Nextomics / NextPolish

Fast and accurately polish the genome generated by long reads.
GNU General Public License v3.0
213 stars 28 forks source link

The process of polishing causes a significant decrease in genome size. #130

Open xujialupaoli opened 7 months ago

xujialupaoli commented 7 months ago

Hello, thank you for providing such a useful assembly software. I have a question and would like your help. After nextpolish polished my genome file, my genome size was reduced a lot. Why does polishing cause a significant decrease in genome size? In the picture, I sorted out the genome size assembled by nextdenovo, the genome size after purge_dups, and the genome size after nextpolish. image

moold commented 7 months ago

This may be caused by nextpolish not finishing running.,Could you paste its running log to here?

xujialupaoli commented 7 months ago

Thank you very much for your reply! first_polish_log.txt second_polish_log.txt I first used quality-filtered ultralong ONT reads and common ONT reads to polish the assembly for three rounds, setting ‘task = best rewrite = yes rerun = 3’ in the parameter config file. The assembly polished by ONT data was then further polished for three rounds with PacBio HiFi reads,setting‘task = best rewrite = yes rerun = 3’ in the parameter config file.

moold commented 7 months ago

It is better to use NextPolish2 to polish your genome (assembly polished by ONT data) with HiFi reads.

xujialupaoli commented 7 months ago

Thanks for your reply and help! The genome assembly I assembled through hifiasm using HiFi data is not very good, so I am currently using the results assembled by Nextdenovo, which is better. My data is a bit special, and there should be more errors in the results I assembled using nextdovo. I have carefully learned about nextpolish2, which you developed. It is suitable for polishing high-quality assembly . Is nextpolish more suitable for my situation? In addition, I hope to use my HiFi sequencing data for polishing. Because it is difficult to use HiFI data for assembly, I hope to use my hifi data in the polishing process. Finally,why does polishing result in a significant decrease in genome size?

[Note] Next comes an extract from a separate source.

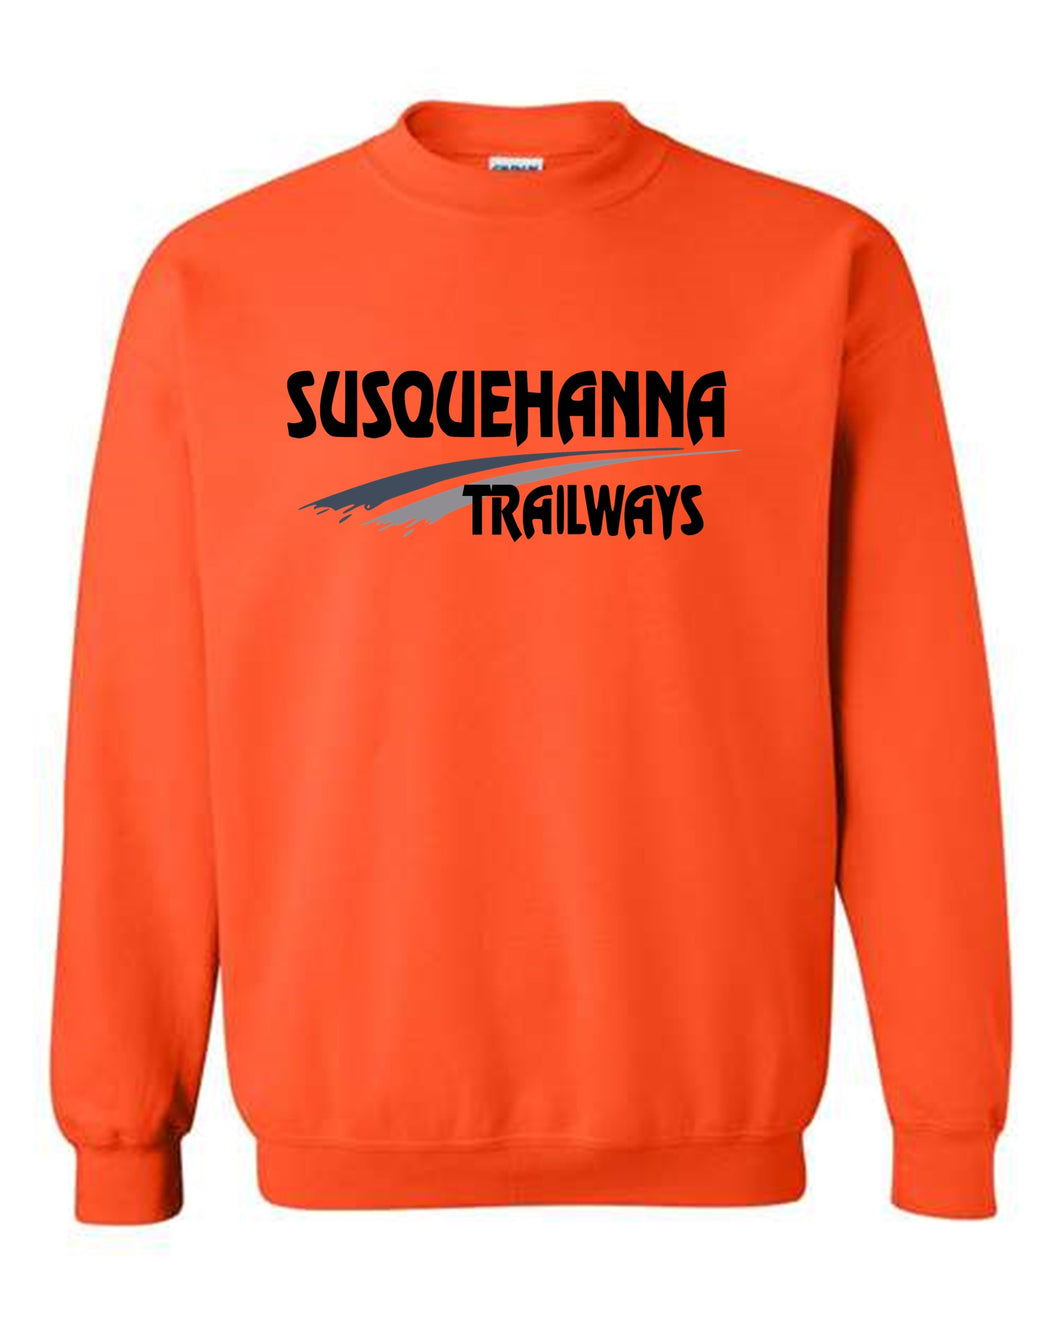 Susquehanna Trailways Crewneck Sweatshirt - Adult Sizes Only

moold commented 7 months ago
  1. nextpolish2 is suitable for your assembly, so you can have a try.
  2. There may be an unknown bug, but it cannot be fixed unless I can reproduce this bug.
xujialupaoli commented 7 months ago

Thank you for your reply and help! I will try using Nextpolish2 to see if it resolves the issue. Could it be that my HiFi data is somewhat unique, leading to some unknown issues when applying it to Nextpolish? Because I didn't encounter any significant reduction in genome size when processing with ONT data. image

moold commented 7 months ago

I'm not sure, unless I can reproduce the error.

xujialupaoli commented 7 months ago

I performed polishing through nextpolish2 and found that it still resulted in a significant reduction in the genome, by about 30M. Do you know what causes this situation? Very much looking forward to your reply image

lijphd168866 commented 1 month ago

Hello, has your problem been solved? I'm having the same problem as you and look forward to hearing from you; Thank you!

xujialupaoli commented 1 month ago

您好,您的问题解决了吗?我也遇到了同样的问题,期待您的回复;谢谢!

not yet

lijphd168866 commented 1 month ago

您好,您的问题解决了吗?我也遇到了同样的问题,期待您的回复;谢谢!

not yet

Thank you so much for replying to me so quickly, can I consult how you did to polish in the end?